Warning Unhealthy 4s (x5 over 29s) kubelet, k-02 Liveness probe failed: dial tcp 10.32.0.12:8888: connect: connection refused
What just happened ?
- Since livenessProbe is failing it will keep killing and recreating containers. Thats what you see in the description above.

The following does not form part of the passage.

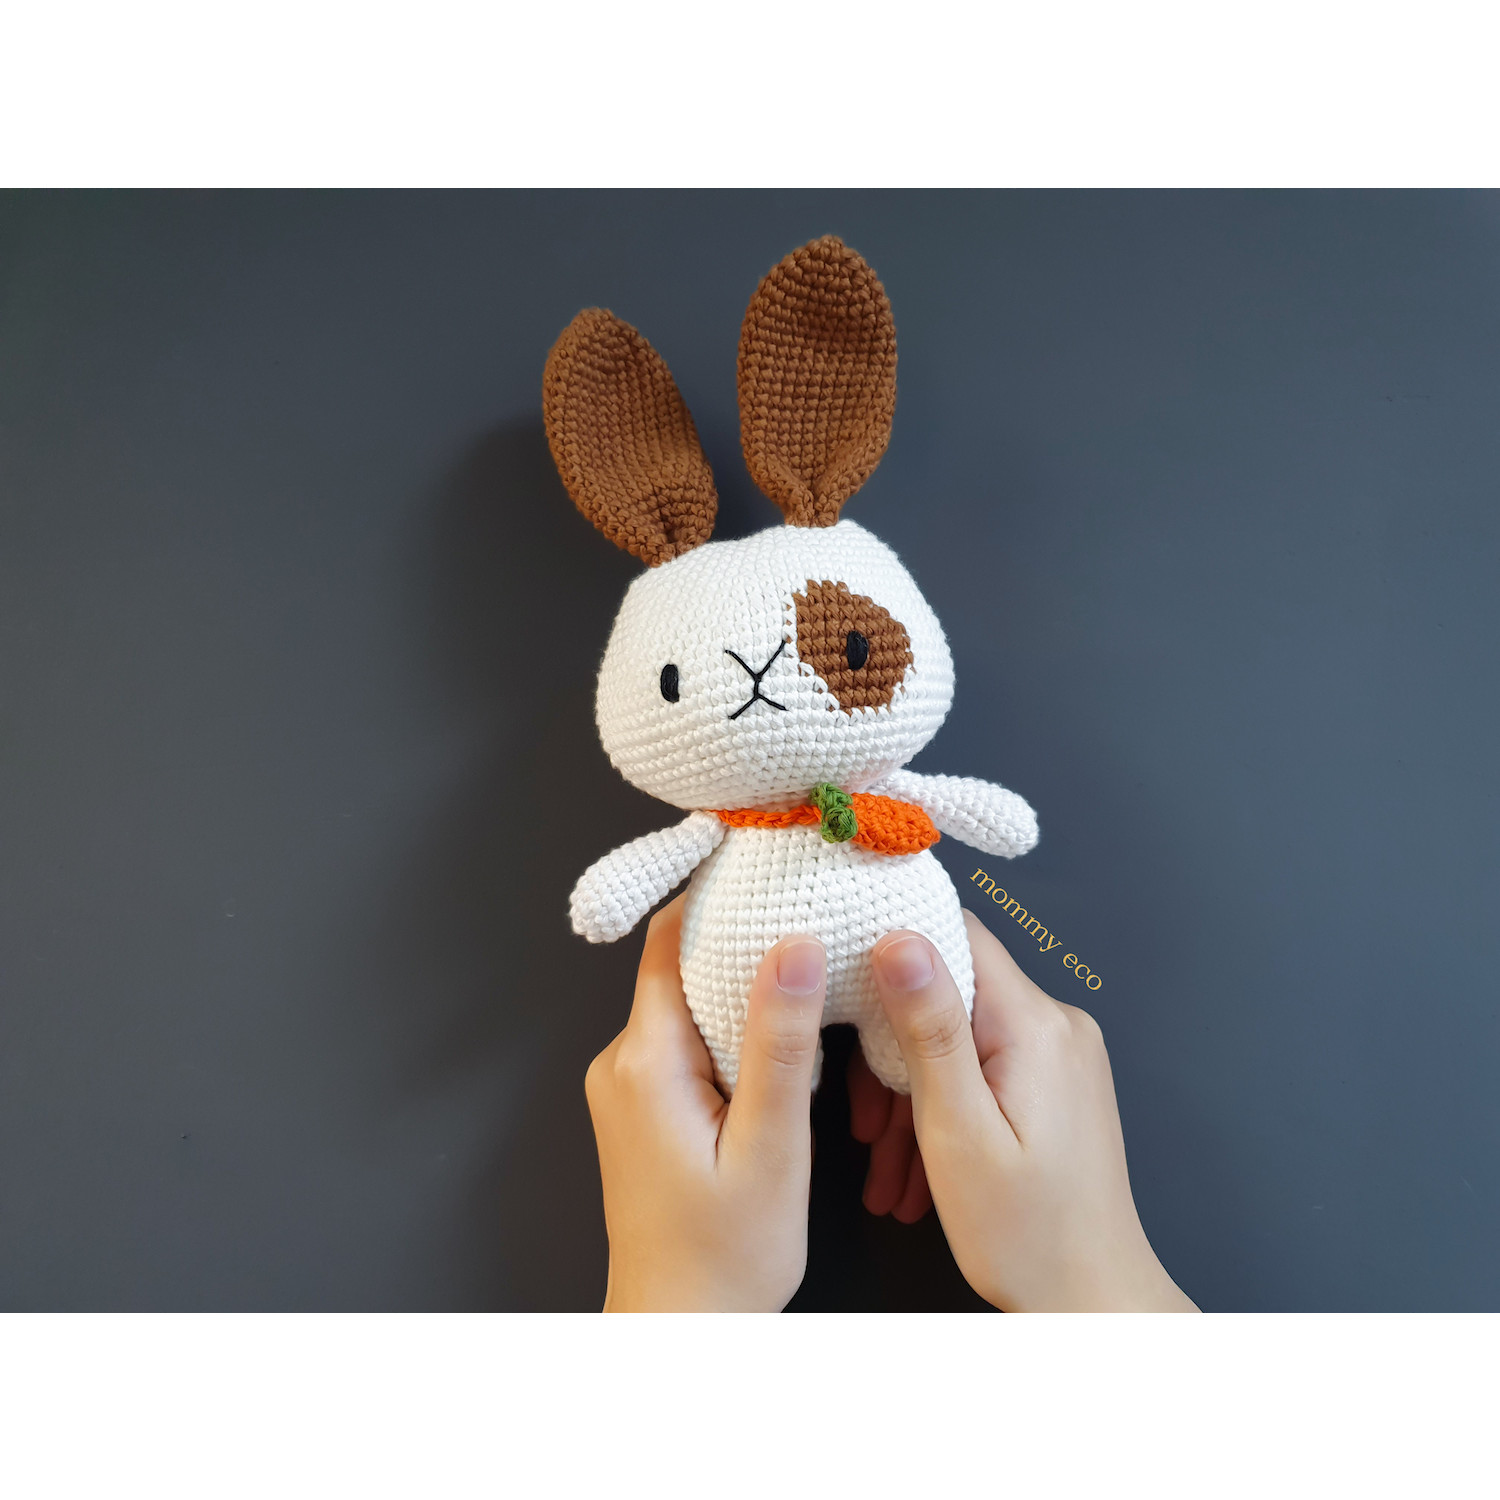 Thú len handmade amigurumi, đan móc thú len, đồ chơi len an toàn cho bé. Thỏ đi học đeo cà rốt

- When you list pods, you should see it in crashloopbackoff state with number of restarts incrementing with time.
e.g.
vote-668579766d-p65xb 0/1 CrashLoopBackOff 7 7m38s 10.32.0.12 k-02 <none> <none>
vote-668579766d-sclbr 0/1 CrashLoopBackOff 7 7m38s 10.32.0.10 k-02 <none> <none>
vote-668579766d-vrcmj 0/1 CrashLoopBackOff 7 7m38s 10.38.0.8 kube03-01 <none> <none>
To fix it, revert the livenessProbe configs by editing the deplyment again.
Readiness Probe
Readiness probe is configured just like liveness probe. But this time we will use httpGet request.
kubectl edit deploy vote
readinessProbe:
failureThreshold: 3
httpGet:
path: /test.html
port: 80
scheme: HTTP
initialDelaySeconds: 5
periodSeconds: 3
successThreshold: 1
where, readinessProbe.httpGet.path is been changed from / to /test.html which is a non existant path.
check
kubectl get deploy,rs,pods
[output snippet]
NAME READY UP-TO-DATE AVAILABLE AGE
deployment.extensions/vote 11/12 3 11 2m12s
vote-8cbb7ff89-6xvbc 0/1 Running 0 73s 10.38.0.10 kube03-01 <none> <none>
vote-8cbb7ff89-6z5zv 0/1 Running 0 73s 10.38.0.5 kube03-01 <none> <none>
vote-8cbb7ff89-hdmxb 0/1 Running 0 73s 10.32.0.12 k-02 <none> <none>
kubectl describe pod vote-8cbb7ff89-hdmxb
where, vote-8cbb7ff89-hdmxb is one of the pods launched after changing readiness probe.
[output snippet]
Events:
Type Reason Age From Message
---- ------ ---- ---- -------
Normal Scheduled 109s default-scheduler Successfully assigned instavote/vote-8cbb7ff89-hdmxb to k-02
Normal Pulled 108s kubelet, k-02 Container image "schoolofdevops/vote:v1" already present on machine
Normal Created 108s kubelet, k-02 Created container
Normal Started 108s kubelet, k-02 Started container
Warning Unhealthy 39s (x22 over 102s) kubelet, k-02 Readiness probe failed: HTTP probe failed with statuscode: 404
kubectl describe svc vote
what happened ?
- Since readinessProbe failed, the new launched batch does not show containers running (0/1)
- Description of the pod shows it being Unhealthy due to failed HTTP probe
- Deployment shows surged pods, with number of ready pods being less than number of desired replicas (e.g. 11/12).
- Service does not send traffic to the pod which are marked as unhealthy/not ready.
Reverting the changes to readiness probe should bring it back to working state.